Seriously though, I have days like that. There are also some days my mind doesn’t want to write anything. That’s ok. It’s your minds way of prompting you to do something else so it can come up with creative story ideas while you rest it. Remember the movie, Field of Dreams? Kevin Costner’s character was told to build the field and they would come. So, give your mind a rest and the imagination will stir.
If you are an author, whether you are experienced or not, sometimes talking to someone you trust (implicitly) about your story ideas can help you tremendously. I know that’s very simple advice, and maybe you already knew that. But it’s a good reminder. I never would have come up with the story I did for my first book had I not confided in my creative writing professor. Sometimes we need that nudge. So, if you are on the fence about a piece of writing you are working on, hash it out with a trusted friend.

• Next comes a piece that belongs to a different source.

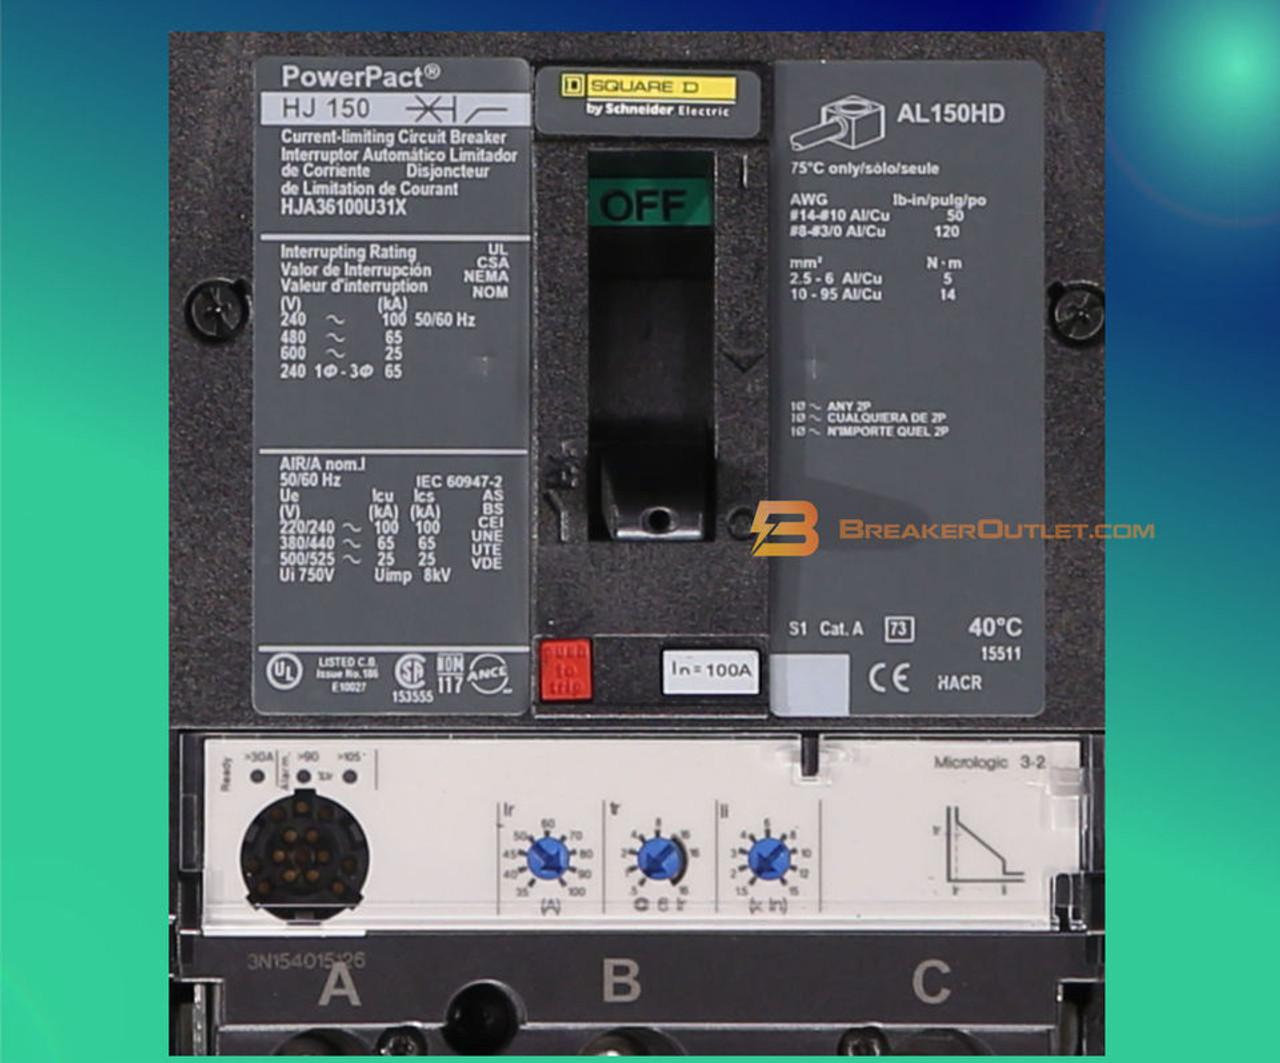 Tags and Adjustment Panel

Your pen (or keyboard) is your sword, and the words are the blood that’s shed as a result of wielding your words onto the page. Words have impact. It doesn’t matter what that impact is. Whether they create horror, harshness, love, peace, or fear; they have impact. You are the person in charge of creating that impact. So what kind of thrust to you want to use to create that impact?
You can make something everyday appear abnormal, or you could choose something abnormal or bazaar to appear normal or everyday. It’s all in the words you choose. How you wield your words is up to you. It’s your story, your voice, your personality. Write the words you want to write the way YOU want to write them.
That moment when you’re writing. You stop to think about your main character and brainstorm ideas about what you can do to make him/her a more in depth person. You wonder also about what the major issue will be that he/she must struggle with and in the end will allow him/her to grow.